Natural gas demand usually peaks during the coldest months of the year (December-February) and is lowest during the "shoulder" months (May-June and September-October). During the warmest summer months (July-August), demand increases again. Due to the shift in population in the United States toward the sun belt, summer demand for natural gas is rising faster than winter demand.
Temperature impacts are measured in terms of 'heating degree days' (HDD) during the winter, and 'cooling degree days'(CDD) during the summer. HDDs are calculated by subtracting the average temperature for a day from 65 degrees. Thus, if the average temperature for a day is 50 degrees, there are 15 HDDs. If the average temperature is above 65 degrees, HDD is zero.
Cooling degree days are also measured by the difference between the average temperature and 65 degrees. Thus, if the average temperature is 80 degrees, there are 15 CDDs. If the average temperature is below 65 degrees, CDD is zero.
Hurricanes can impact both the supply of and demand for natural gas. For example, as hurricanes approach the Gulf of Mexico, offshore natural gas platforms are shut down as workers evacuate, thereby shutting in production. In addition, hurricanes can also cause severe destruction to offshore (and onshore) production facilities. For example, Hurricane Katrina (2005) resulted in massive shut-ins of natural gas production.
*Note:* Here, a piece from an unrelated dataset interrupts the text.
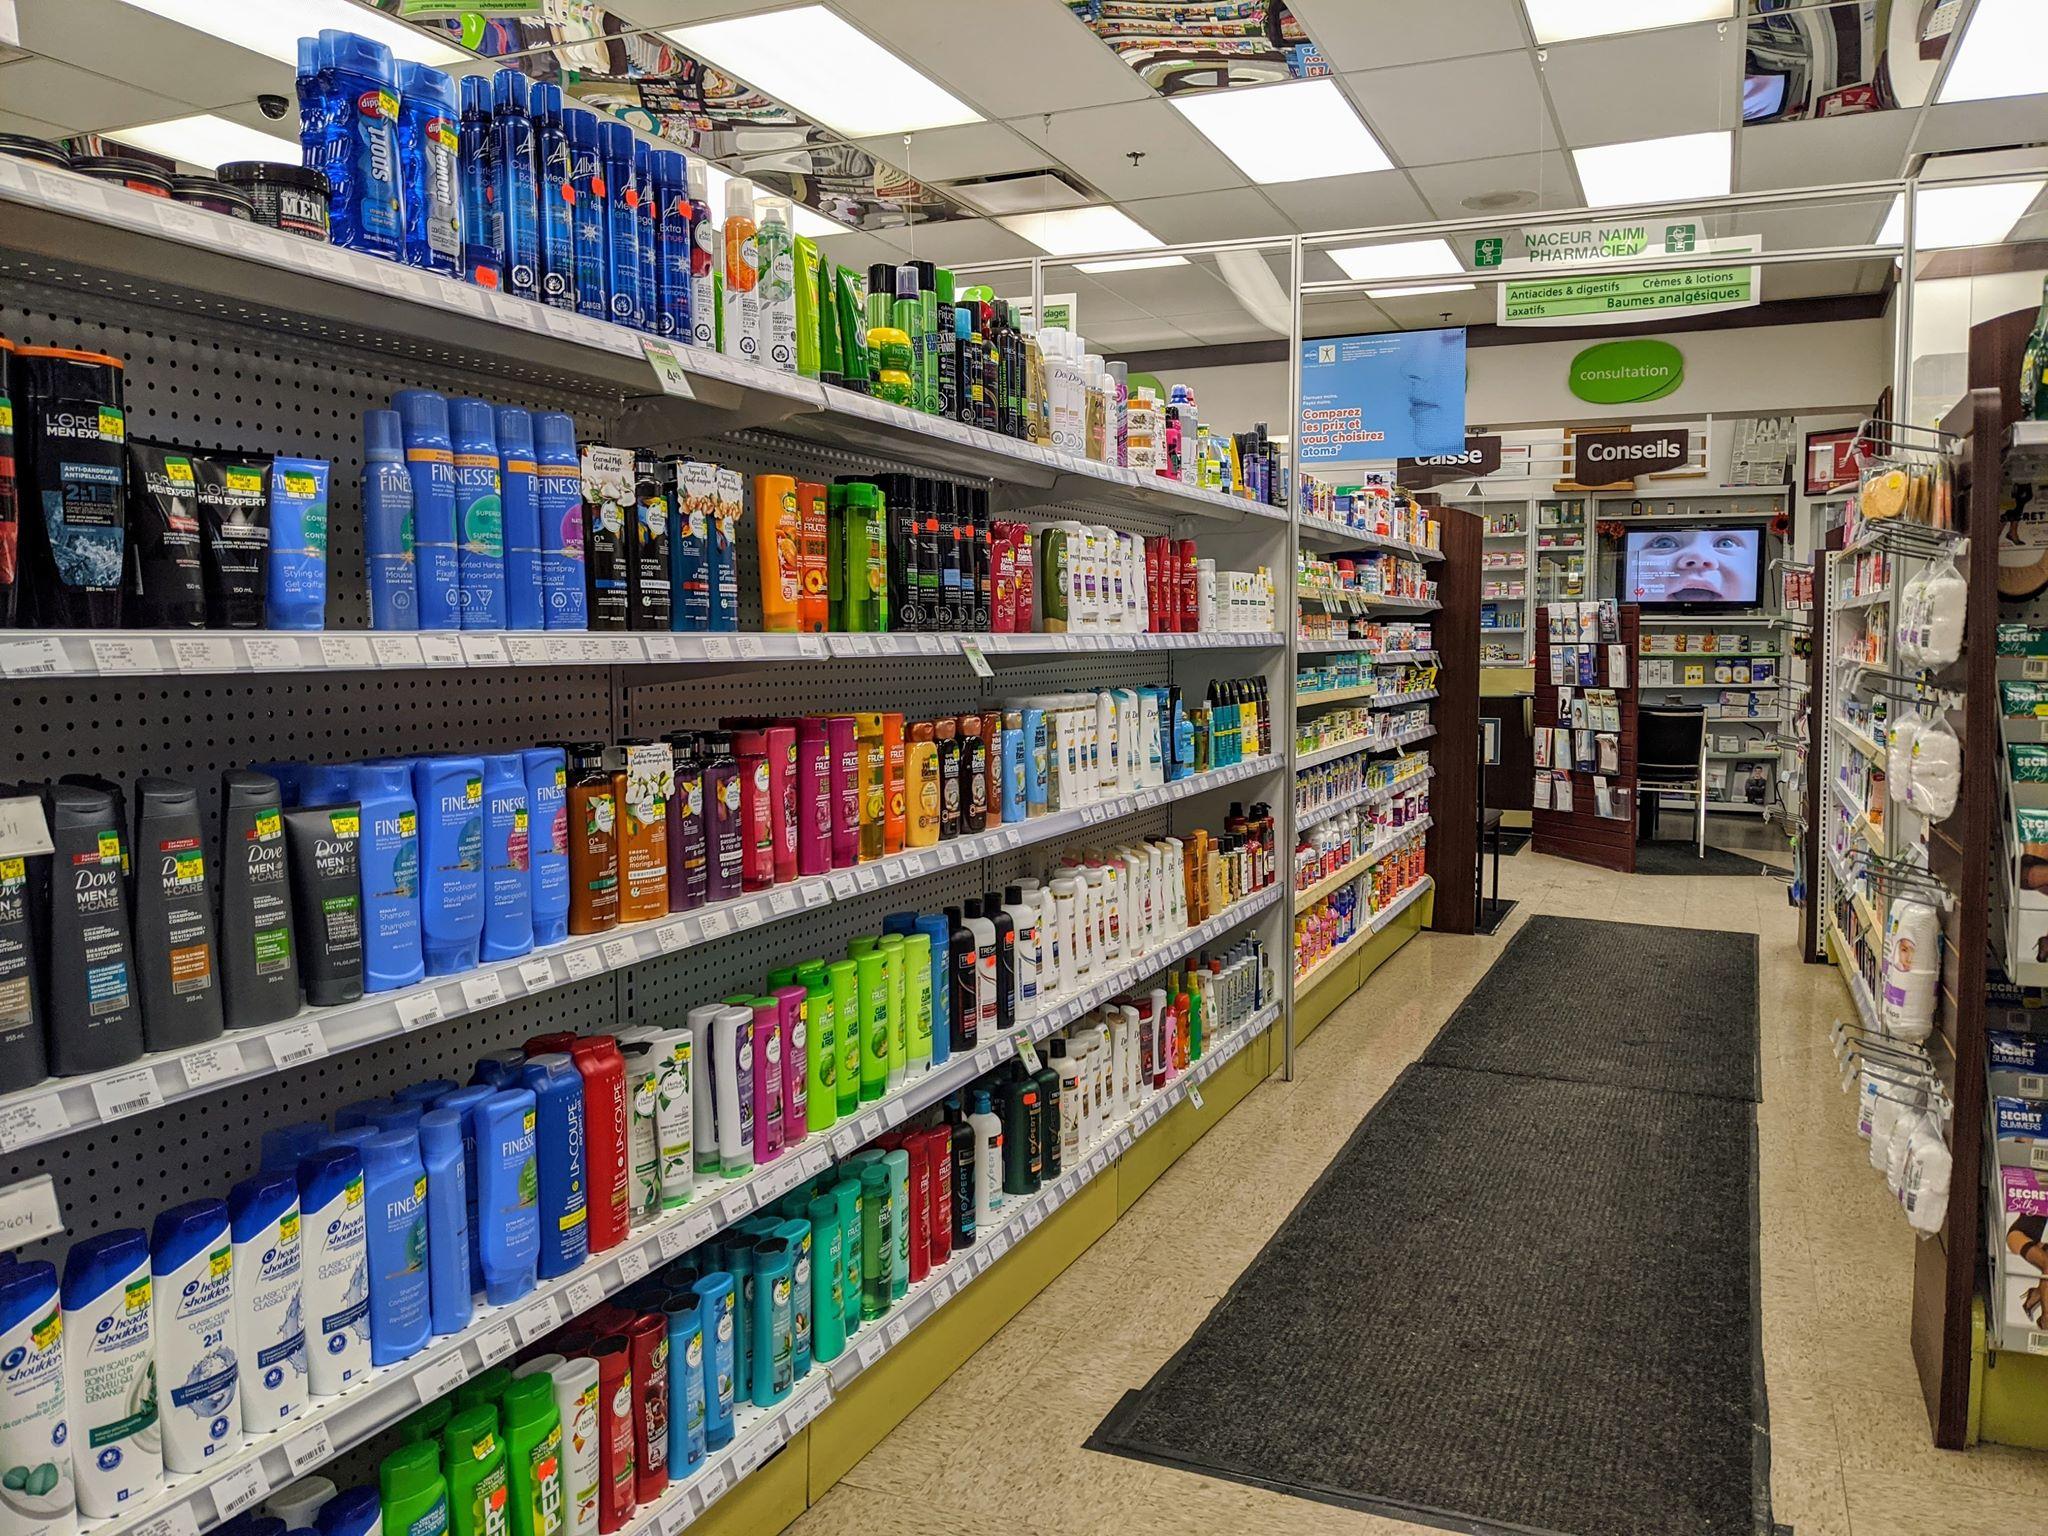 Circulaire et promotions | Proxim – Pharmacie Naimi

Hurricane damage can also reduce natural gas demand. The destruction of power lines interrupting electricity produced by natural gas can result in significant reduction in demand for a given area (e.g., Florida).
Changing demographics also affects the demand for natural gas, especially for core residential customers. In the US for instance, recent demographic trends indicate an increased population movement to the Southern and Western states. These areas are generally characterized by warmer weather, thus we could expect a decrease in demand for heating in the winter, but an increase in demand for cooling in the summer. As electricity currently supplies most of the cooling energy requirements, and natural gas supplies most of the energy used for heating, population movement may decrease the demand for natural gas for these customers. However, as more power plants are fueled by natural gas, natural gas demand could in fact increase.
The state of the economy can have a considerable effect on the demand for natural gas in the short term. This is particularly true for industrial and to a lesser extent the commercial customers. When the economy is booming, output from the industrial sectors generally increases. On the other hand, when the economy is experiencing a recession, output from industrial sectors drops. These fluctuations in industrial output accompanying the economy affects the amount of natural gas needed by these industrial users. For instance, during the economic recession of 2001, natural gas consumption by the industrial sector fell by 6 percent2.
As we stated previously, supply and demand dynamics in the marketplace determine the short term price for natural gas. However, this can work in reverse as well. The price of natural gas can, for certain consumers, affect its demand. This is particularly true for those consumers who have the ability to switch the fuel which they consume. In general the core customers (residential and commercial) do not have this ability, however, a number of industrial and electric generation consumers have the capacity to switch between fuels. For instance, when natural gas prices are extremely high, electric generators may switch from using natural gas to using cheaper coal or fuel oil. This fuel switching then leads to a decrease for the demand of natural gas, which usually tends to drop its price.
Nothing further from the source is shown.